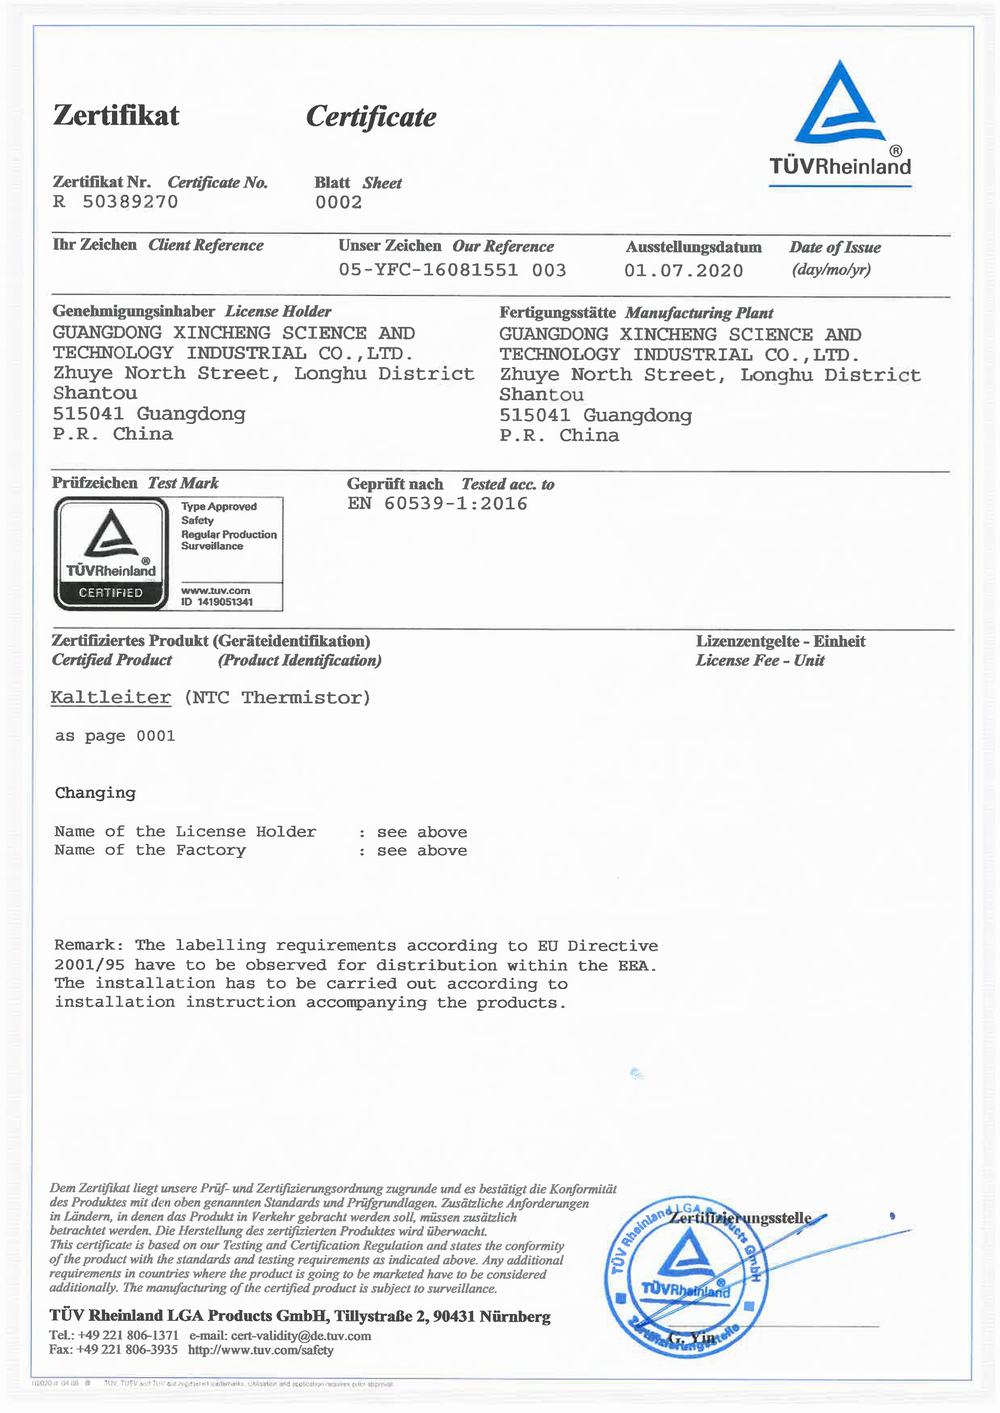 Thermal NTC-TUV certificate
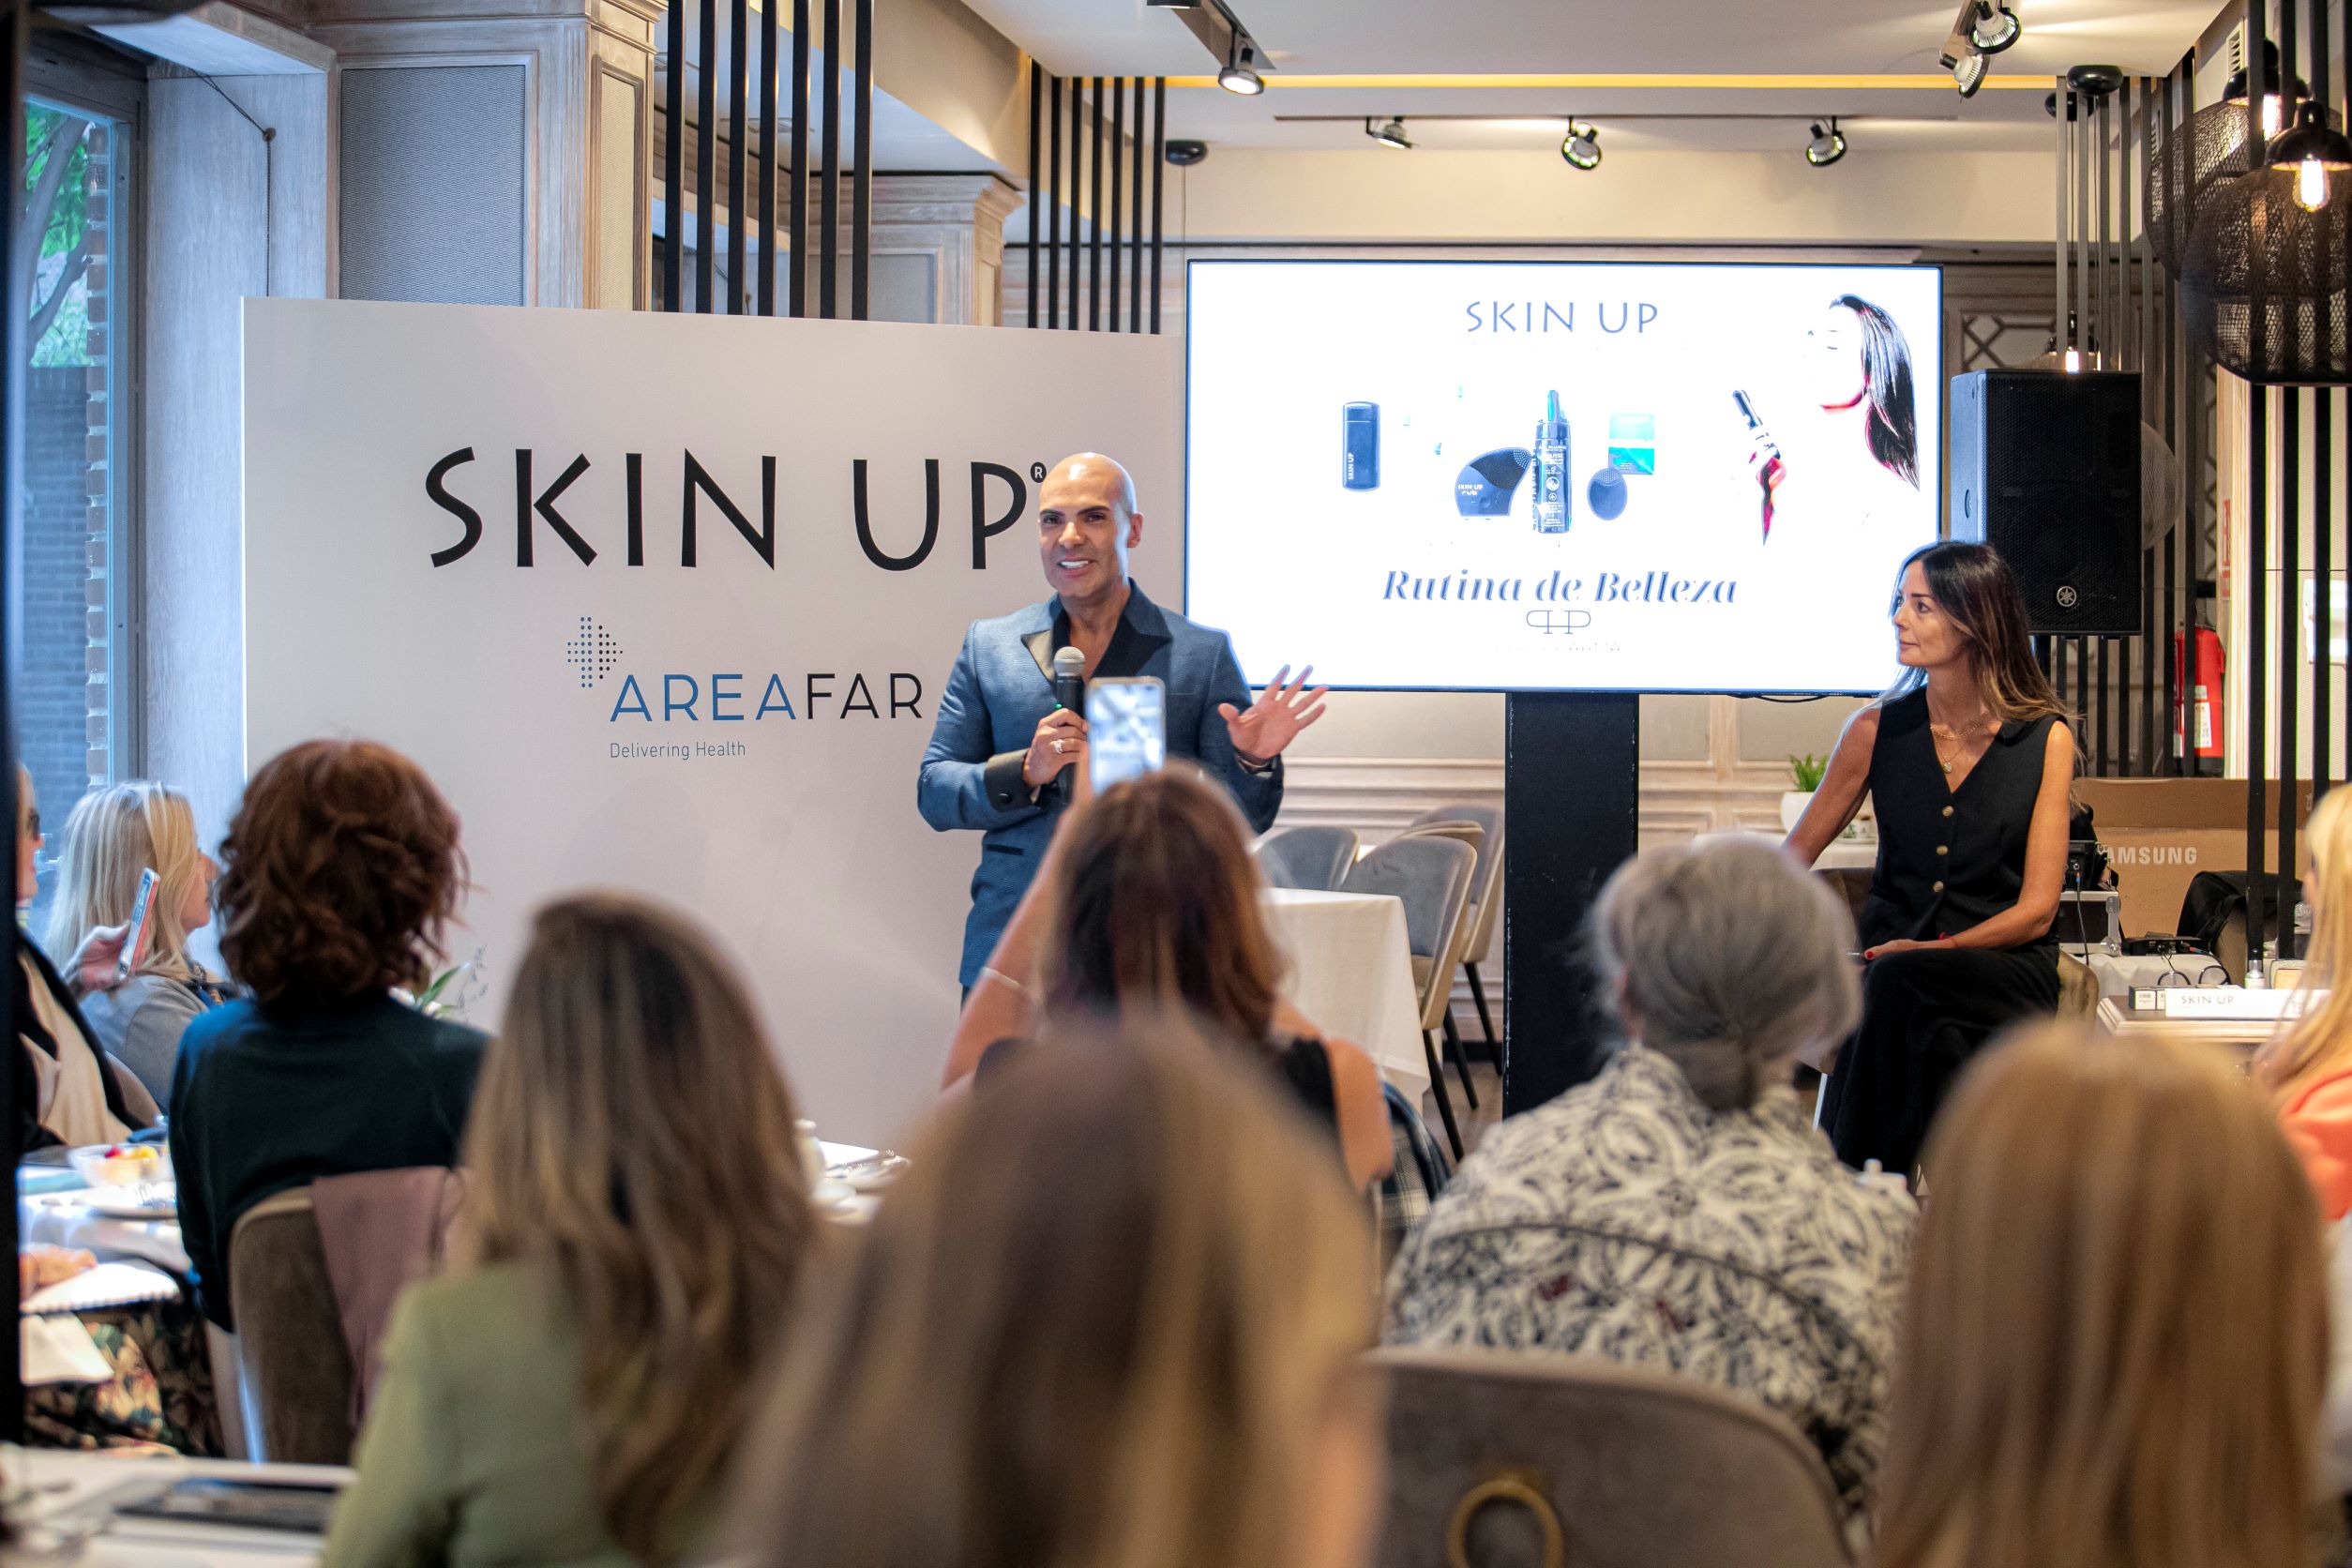 Areafar organiza evento para Laboratorios Phil Pharma donde presenta su línea de productos Skin up.
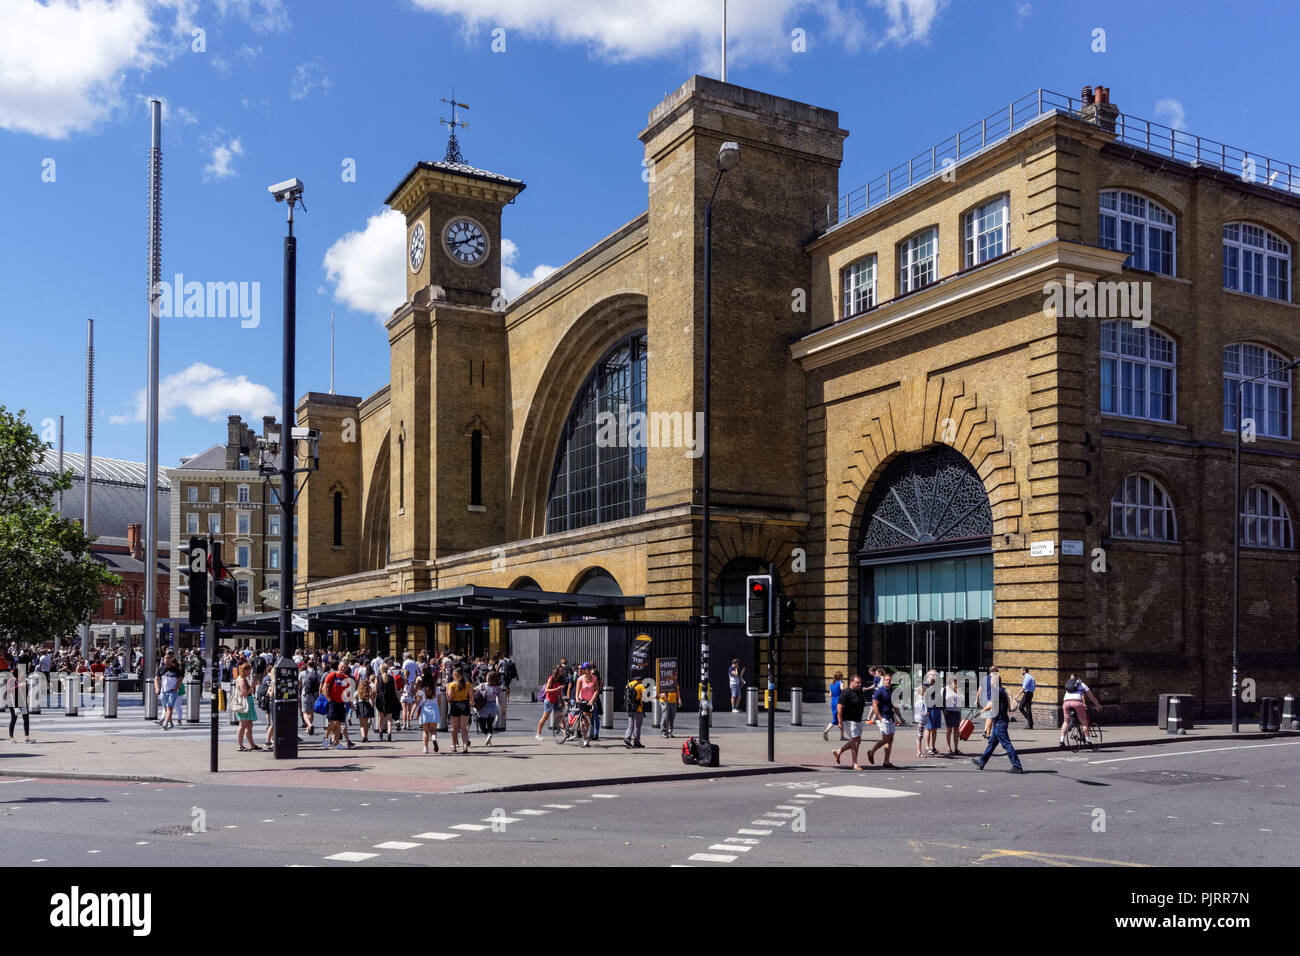 Les gens de l'extérieur de la gare ferroviaire de Kings Cross, Londres Angleterre Royaume-Uni UK Banque D'Images

### WORK ORDER
Could you repeat the data exactly, omitting its pictures?

### RESPONSE AREA
 Thermal NTC-TUV certificate
 Areafar organiza evento para Laboratorios Phil Pharma donde presenta su línea de productos Skin up.
 Les gens de l'extérieur de la gare ferroviaire de Kings Cross, Londres Angleterre Royaume-Uni UK Banque D'Images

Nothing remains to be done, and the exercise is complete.